▸ **DATASET EXCERPT**
______________________________
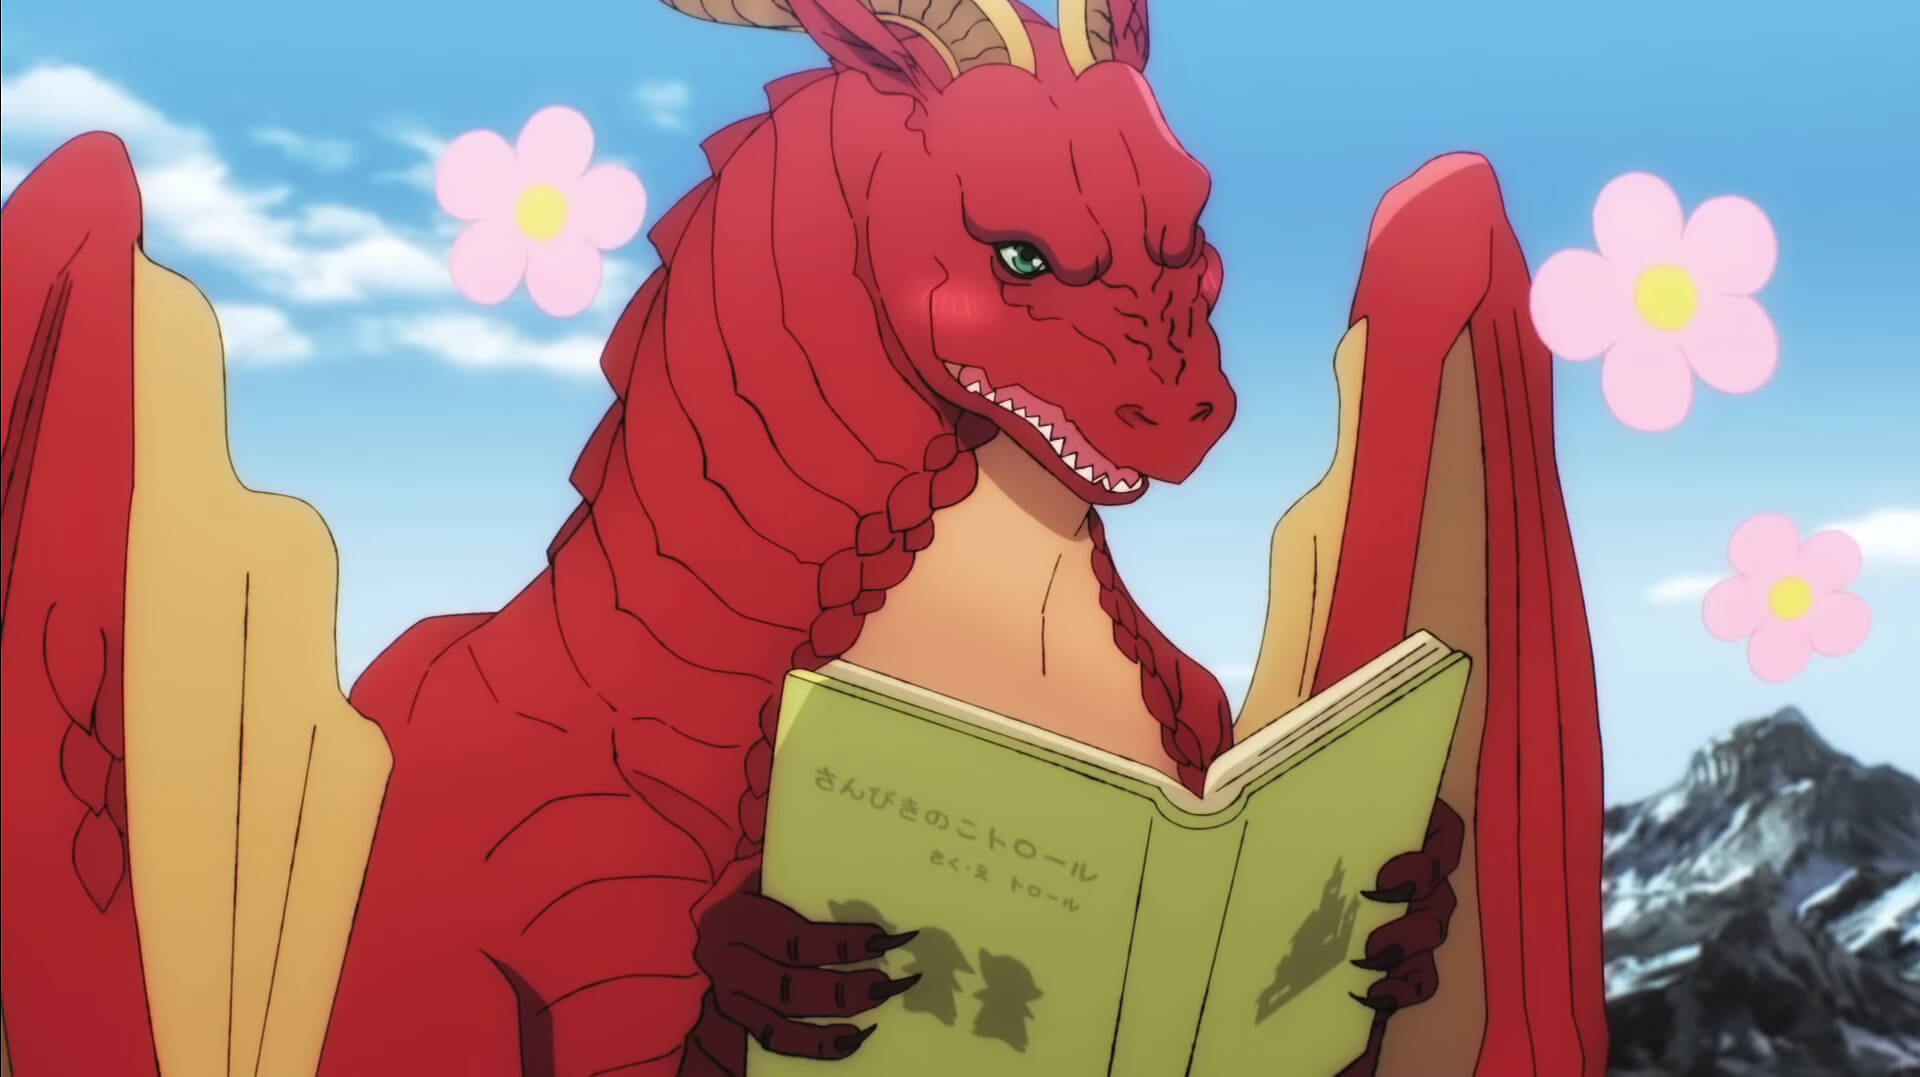 Visual Terbaru Anime Dragon, Ie o Kau Perlihatkan Seluruh Karakter Utama
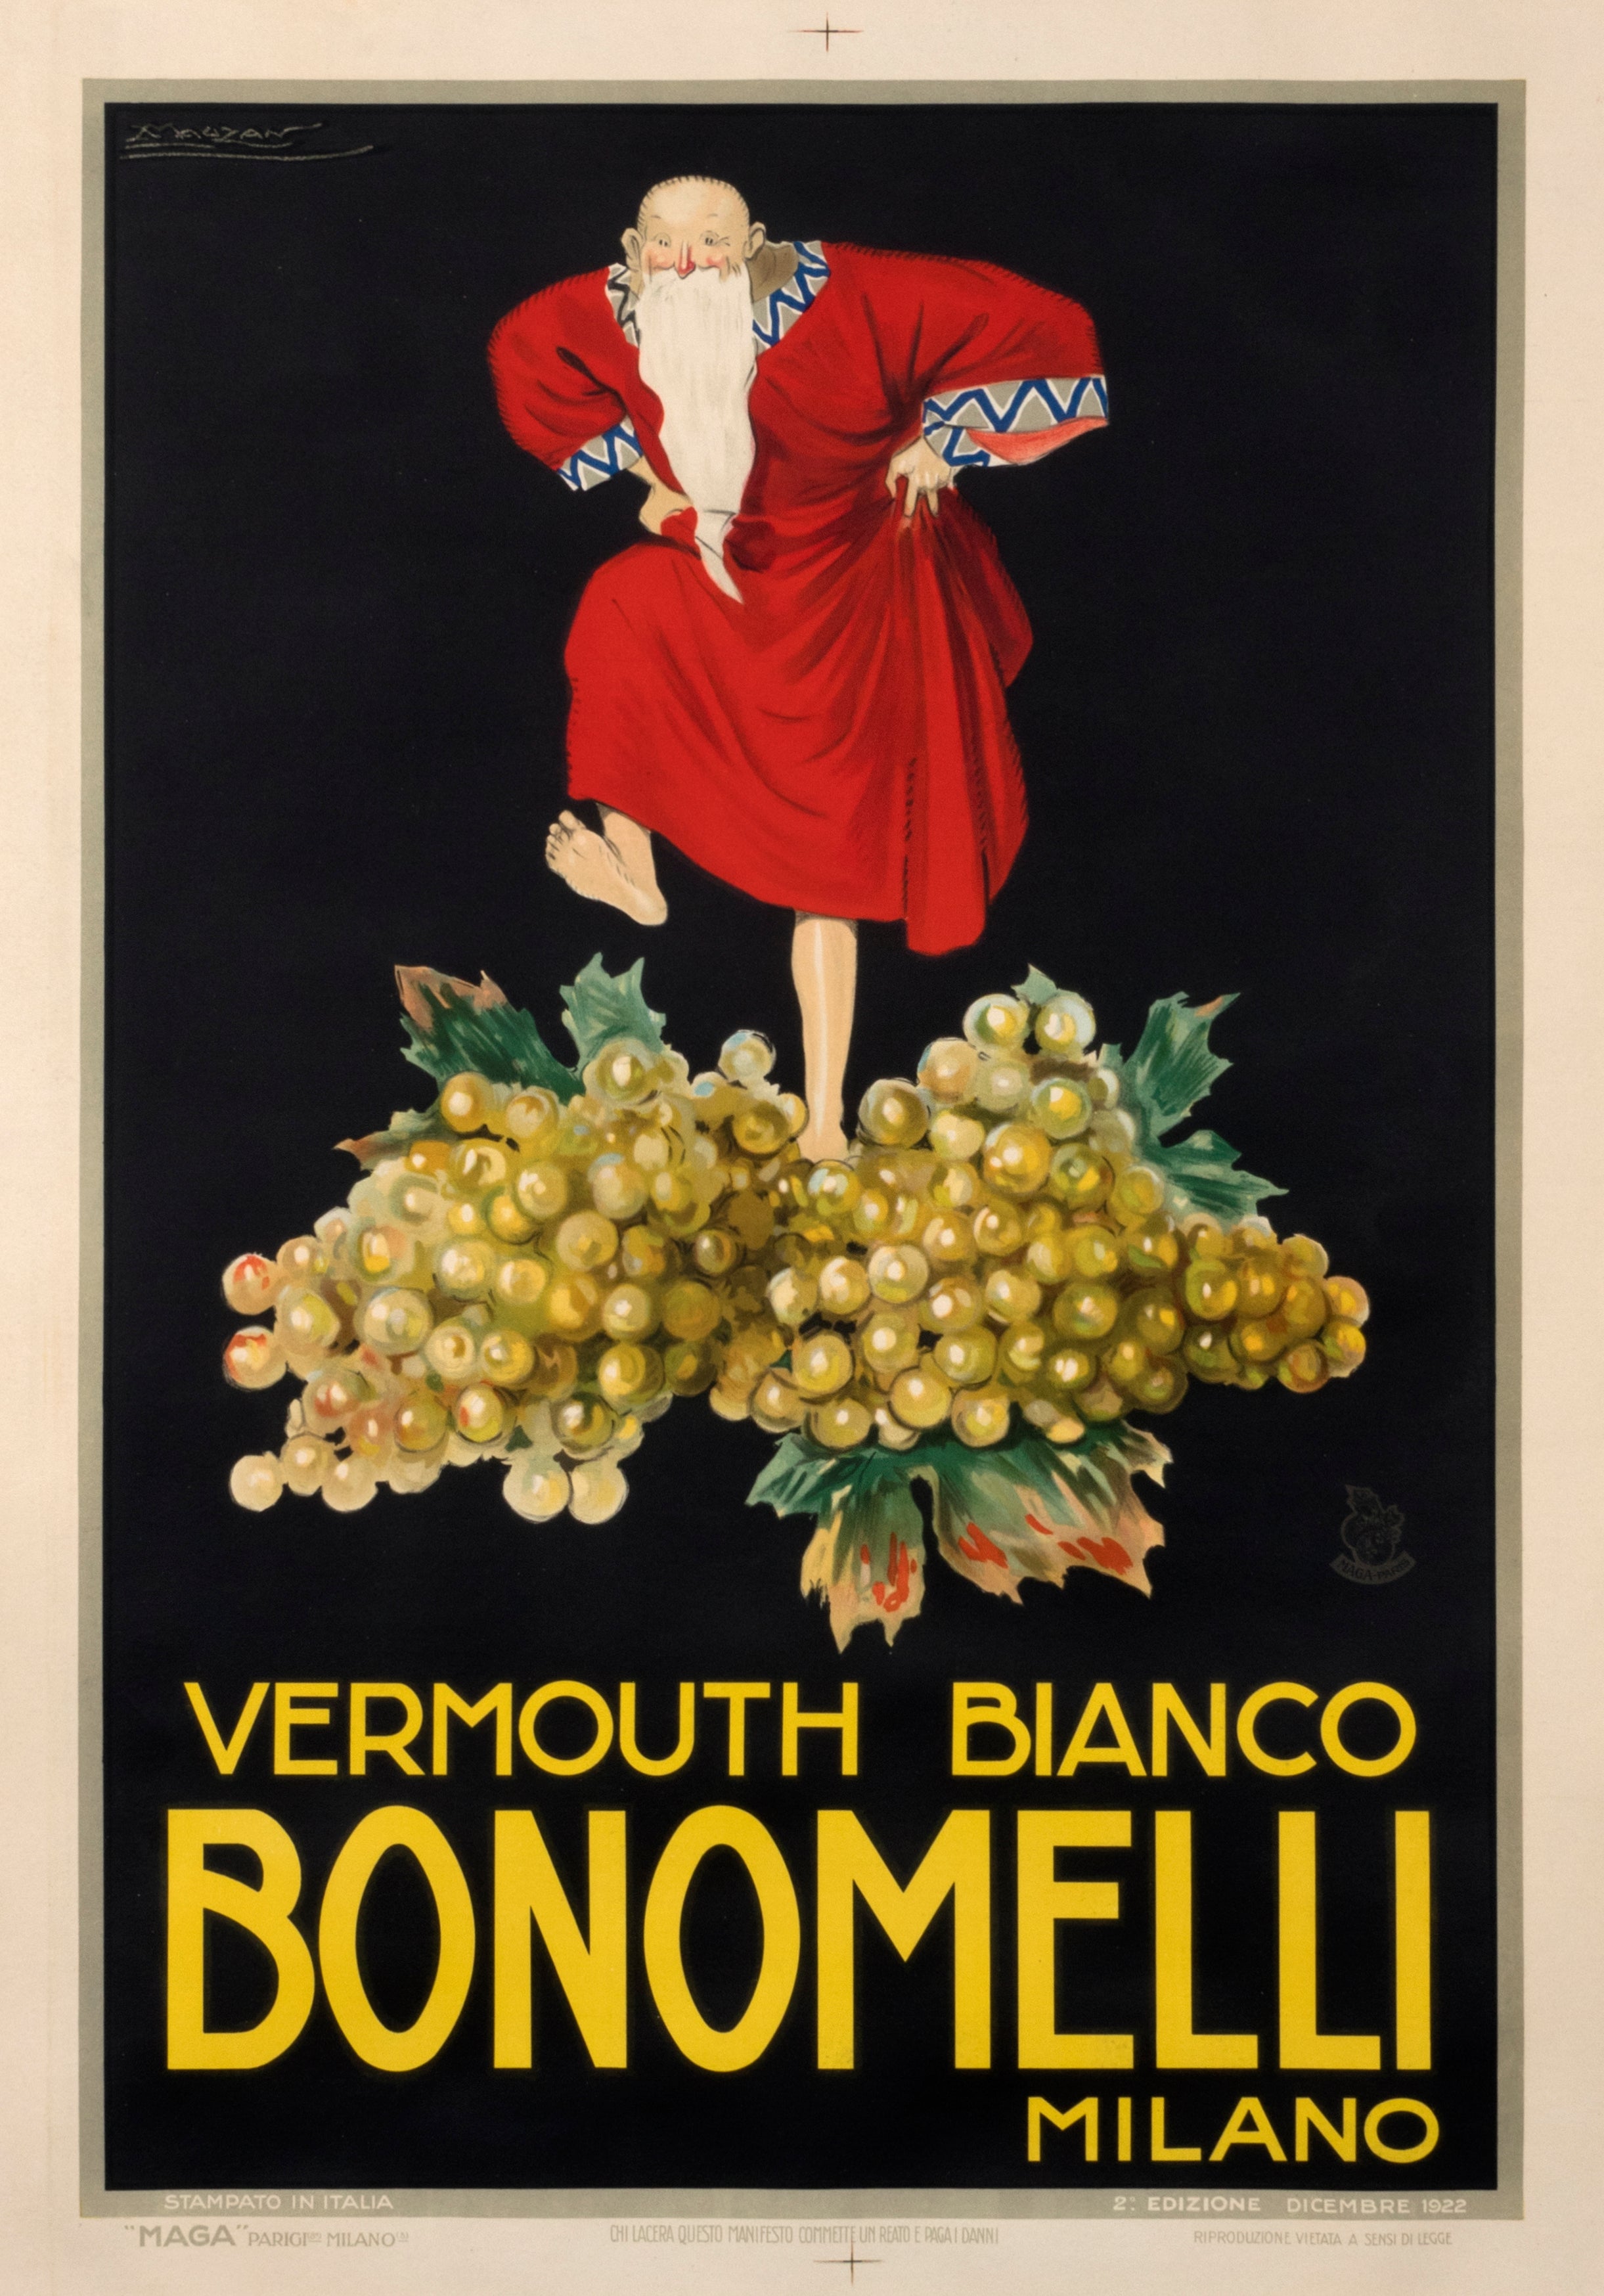 Achille Luciano Mauzan - Bonomelli Vermouth Bianco original vintage  aperitif poster For Sale at 1stDibs
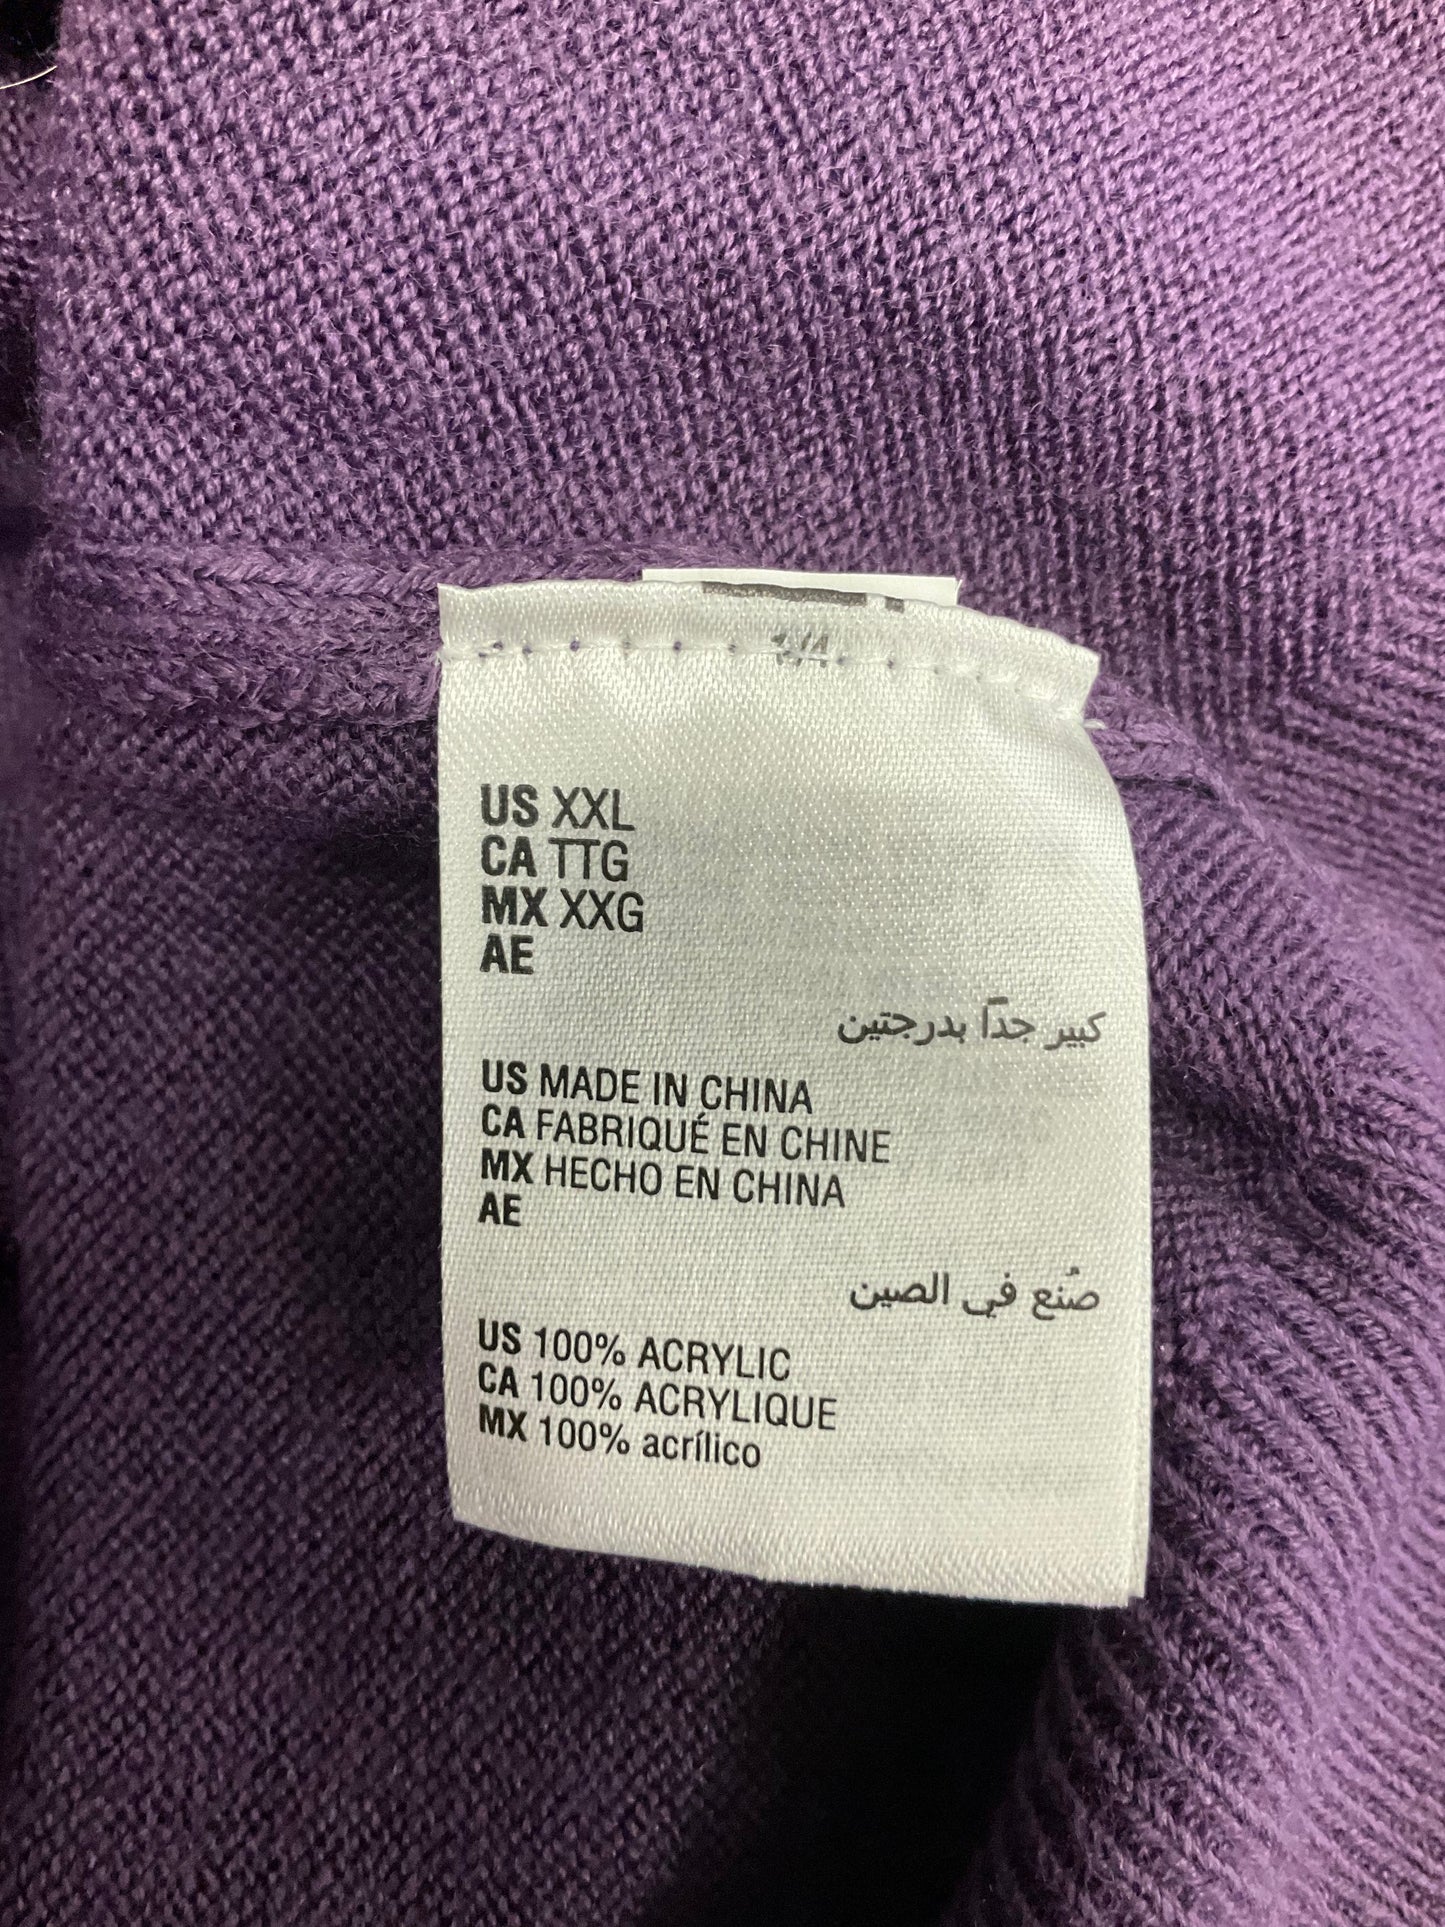 Purple Sweater Karen Scott, Size Xxl
______________________________
▸ **TASK**
Leaving each image aside, repeat the listing above exactly.

▸ **SOLUTION TO THE EXERCISE**
 Visual Terbaru Anime Dragon, Ie o Kau Perlihatkan Seluruh Karakter Utama
 Achille Luciano Mauzan - Bonomelli Vermouth Bianco original vintage  aperitif poster For Sale at 1stDibs
 Purple Sweater Karen Scott, Size Xxl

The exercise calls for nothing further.